I want to get the number of lines in my application. I am using this code:
find . \"(\" -name \"*.m\" -or -name \"*.h\" \")\" -print | xargs wc -l
Does one of your filenames have a quote in it? Try something like this:
find . "(" -name "*.m" -or -name "*.h" ")" -print0 | xargs -0 wc -l
The -print0
argument tells find
to use the NULL character to terminate each name that it prints out. The -0
argument tells xargs
that its input tokens are NULL-terminated. This avoids issues with characters that otherwise would be treated as special, like quotes.

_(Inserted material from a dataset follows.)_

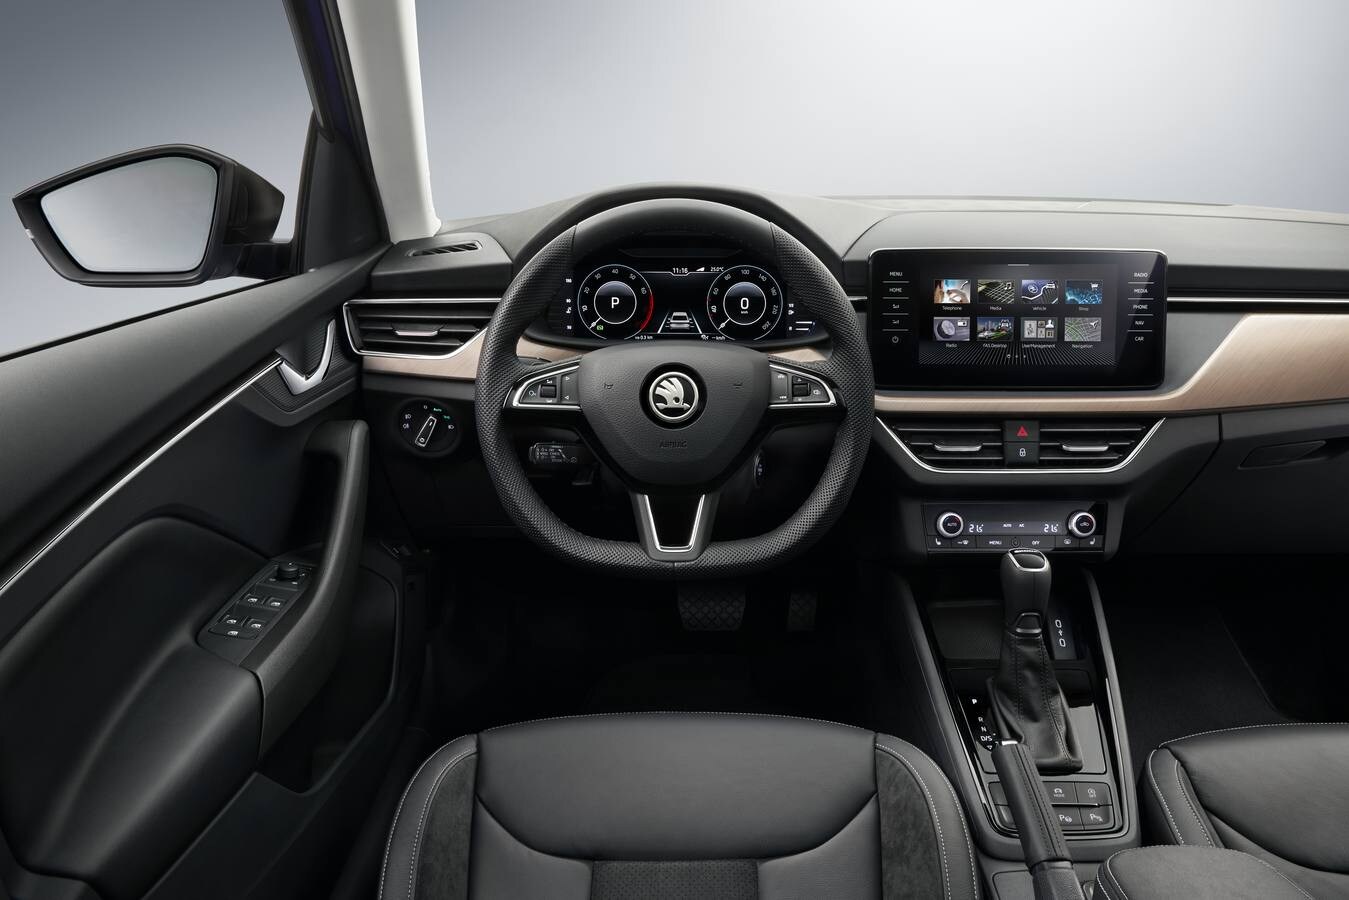 El Scala es una apuesta importante de Skoda. Engloba diseño, con la mecánica del grupo Volkswagen y la habitual funcionalidad, amplitud y relación calidad precio de la marca. Arranca desde 13.990 euros.

After some tinkering, I found that this command worked for me (because I had spaces and unmatched quotations in my filenames):
find . -iname "*USA*" -exec cp "{}" /Directory/to/put/file/ \;
.
refers to the location the search is being run
-iname
followed by the expression refers to the match criteria
-exec cp "{}" /Directory/to/put/file/ \;
tells the command to execute the copy command where each file found via -iname
replaces "{}"
You need the \;
to denote to the exec command that the cp
statement is ending.
This can happen because you have a single quote in a filename somewhere...
i.e., -> '
To find the problem file, run the following in the terminal:
\find . | grep \'
and it can also happen if you have an alias for xargs setup that's causing an issue. To test if this is the case, just run xargs with a \
in front of it, e.g.
\find . | \xargs ....
The "" simply means "run the command without any aliases"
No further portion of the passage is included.